Legacy systems are unreliable, costly to sustain and pose a security risk to organizations. They also lack consistently accurate, real-time data for performance assessment and decision making. A 2014 article in the international business journal Competitiveness Review described legacy systems as inflexible and rigid, eating up 70 percent of some organizations’ information technology budgets. 

When implemented correctly, ERP systems may help leaders reduce costs and apply the savings toward customer services. If resources are not tied up in managing antiquated legacy systems, organizations can redirect money to research and development, conservation, community services and many other arguably more productive areas of operations.

ERP systems provide integrated real-time data for better management and analysis, thereby affecting multiple areas of operations in novel ways. They generate greater transparency, data accuracy and trust. This means that the public not only could have increased access to government accounting data, for example, but also more confidence in the accuracy of that information. 

ERP systems also facilitate the success of accounting information systems by combining business management and information technology. When organizations successfully implement and use ERP systems, they maximize the goods and services rendered to stakeholders. The systems are more than software packages—they provide the essential infrastructure affecting the ways people work inside and outside of organizations.

Typically, environmental pressure fuels ERP system implementations.
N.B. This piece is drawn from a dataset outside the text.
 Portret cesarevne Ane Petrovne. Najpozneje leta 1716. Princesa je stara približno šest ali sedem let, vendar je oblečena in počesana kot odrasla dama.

System sales have soared into the billions of dollars, and some argue that it is the most popular new business software to hit the market in 15 years. Governments have taken notice, but their risk-adverse culture means managers are wading in carefully. Globally, governments are transitioning from encumbered bureaucracy and slow administrative processes to digital systems—also called e-government—to provide citizens with greater access to information, communications and means for interaction. ERP systems also could provide solutions for the demands of cost and compliance initiatives. It is logical that stewards of taxpayer dollars would seek to transition to these systems to better manage costs and address the needs of residents, visitors and other constituents. ERP systems can be innovative, cost-effective means of compliance.
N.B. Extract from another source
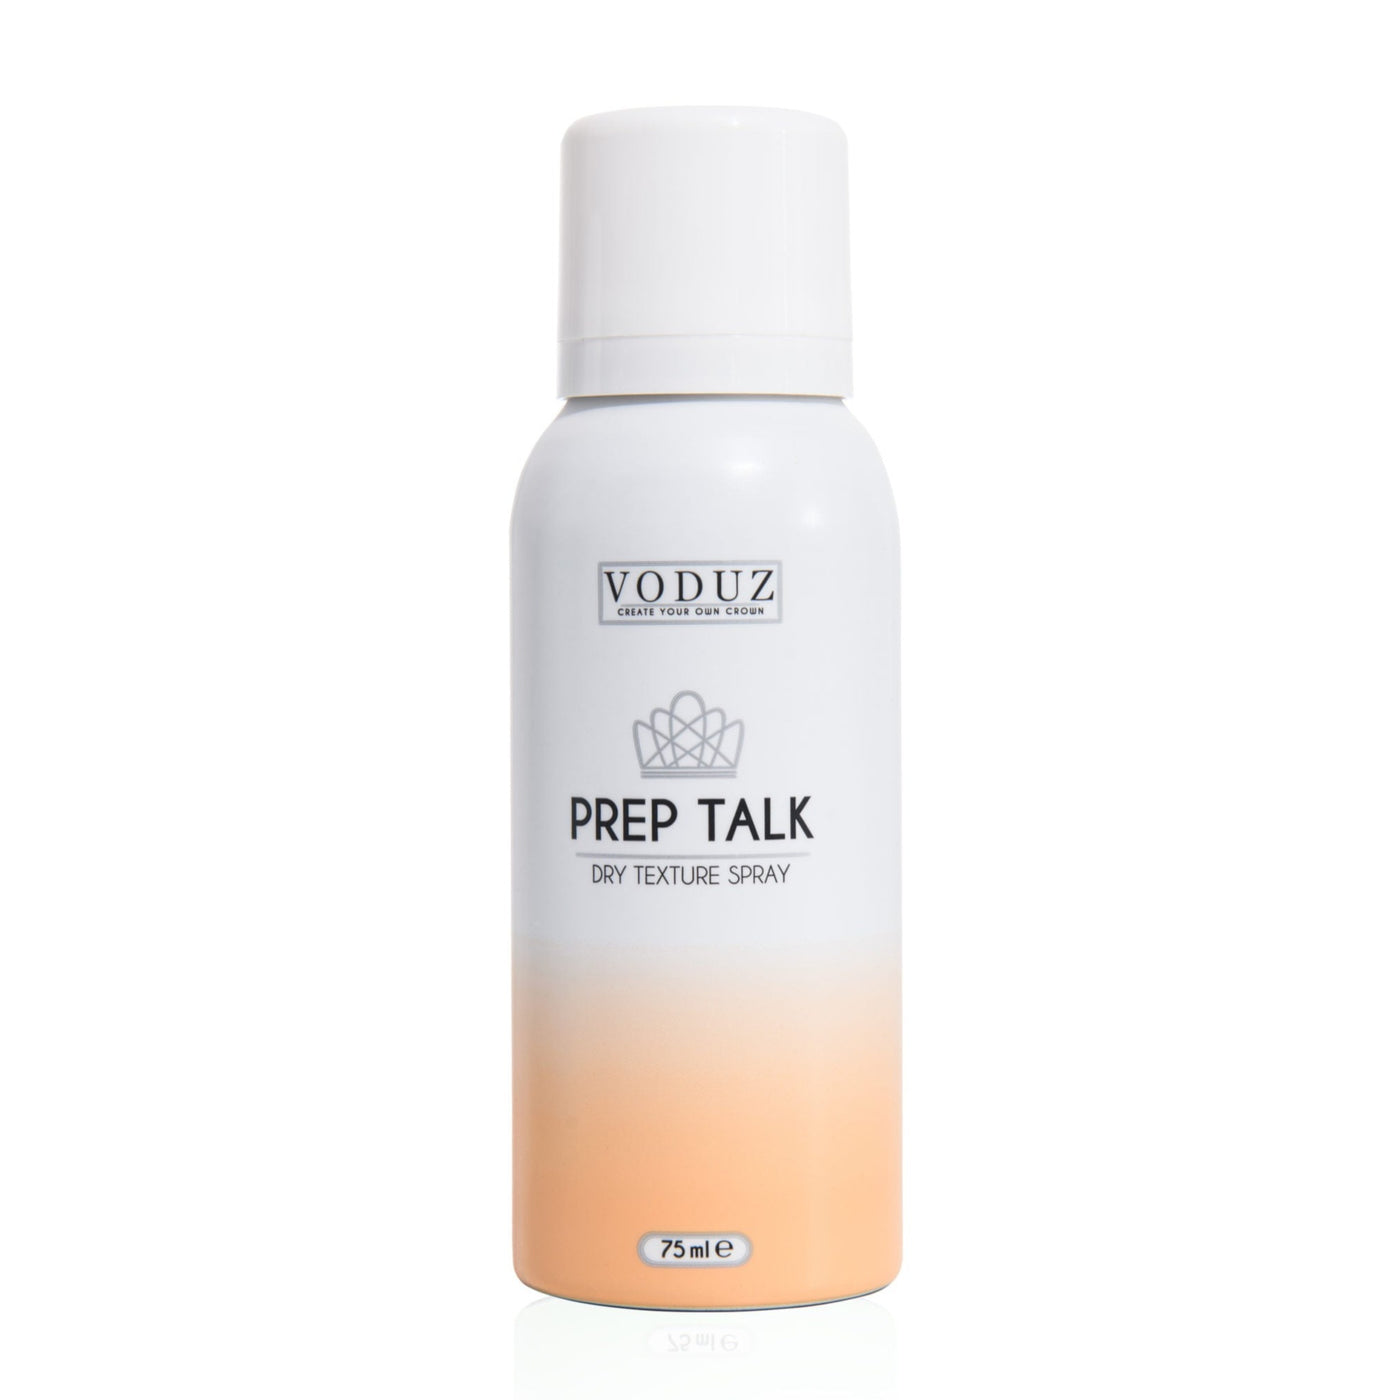 'Prep Talk' - Dry Texture Spray (75ml)

In the 1990s, federal statutes and policies drove some agencies to transition to ERP systems for audit purposes. A few were successful but now require upgrades. ERP systems can provide risk and quality control as well as fraud detection and allow for fewer errors. Audits cost money, and findings of substandard operations cause turmoil. Additional audits conducted because of poor system-generated data cause concern and are not acceptable to organizations or customers.
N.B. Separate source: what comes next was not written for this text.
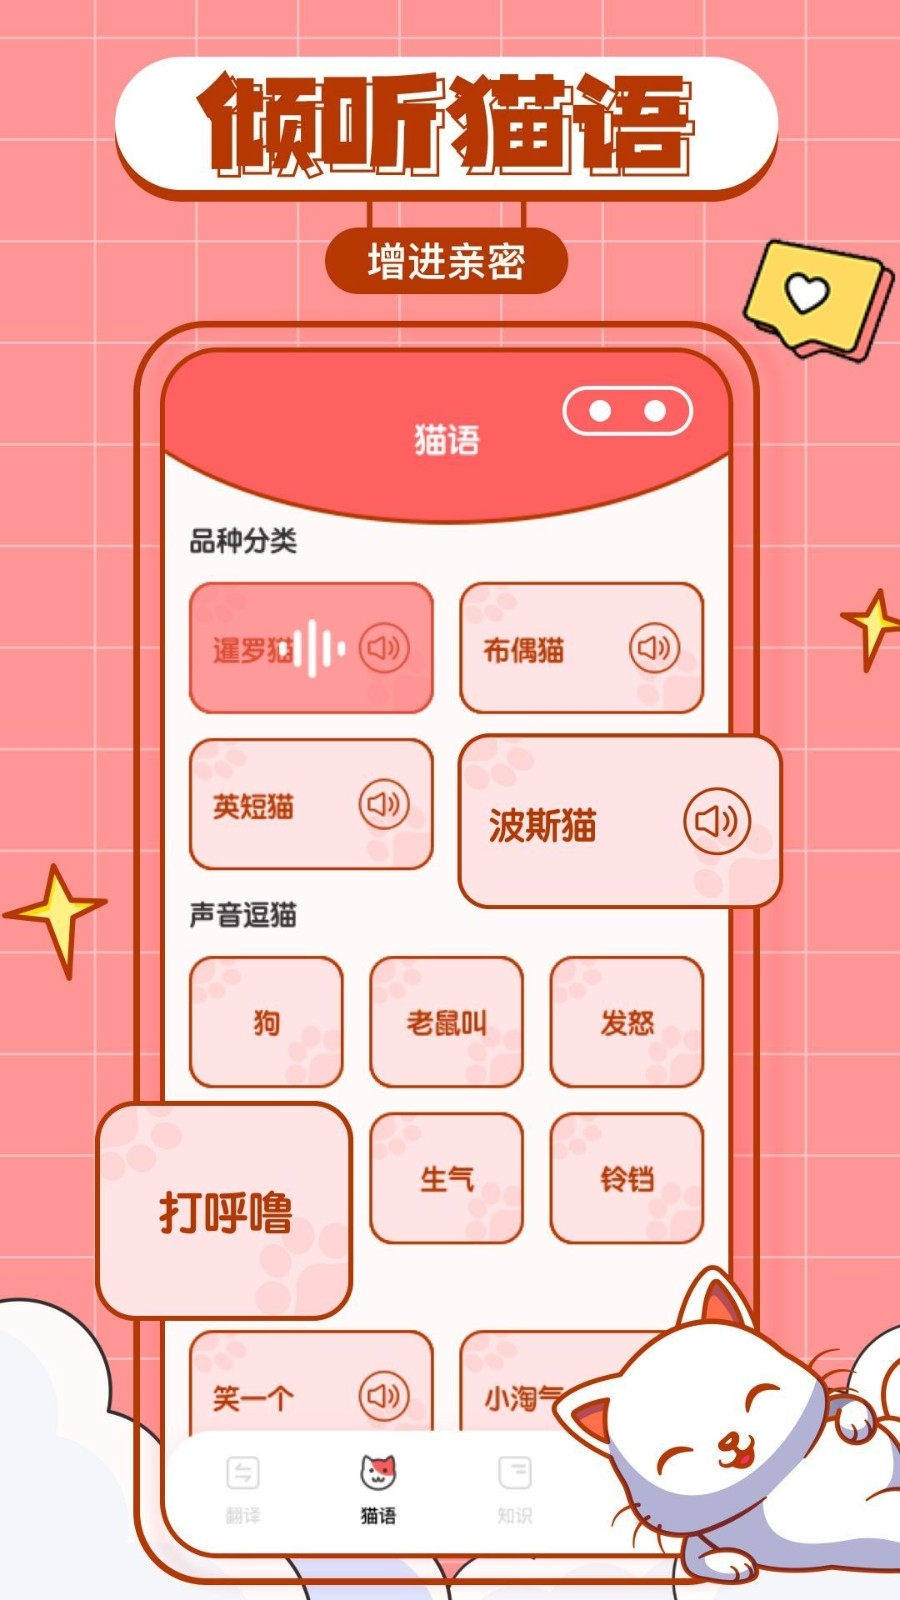 猫咪翻译物语app安卓版下载

Some organizations have opted for ERP systems to achieve the goals of the Financial Improvement and Audit Readiness mission, which stem from the Chief Financial Officers Act of 1990 and subsequent National Defense Authorization acts. Others refer to ERP systems as data warehouses leveraged for fulfillment of requests from both auditors and Congress.

Organizations might have many reasons to pursue an ERP system despite the failure risk. A few include efficiencies that result in tangible and intangible benefits; data-related advantages; environmental pressures; and cost management and legal compliance. Plus, decades of lessons learned help current and future implementation efforts excel.


Jennifer A. Miller, a member of AFCEA’s Northern Virginia Chapter, is a cost analyst and a deputy branch chief in the Resource Management Oversight Division of the National Guard Bureau’s Joint Staff. The views expressed here are hers alone.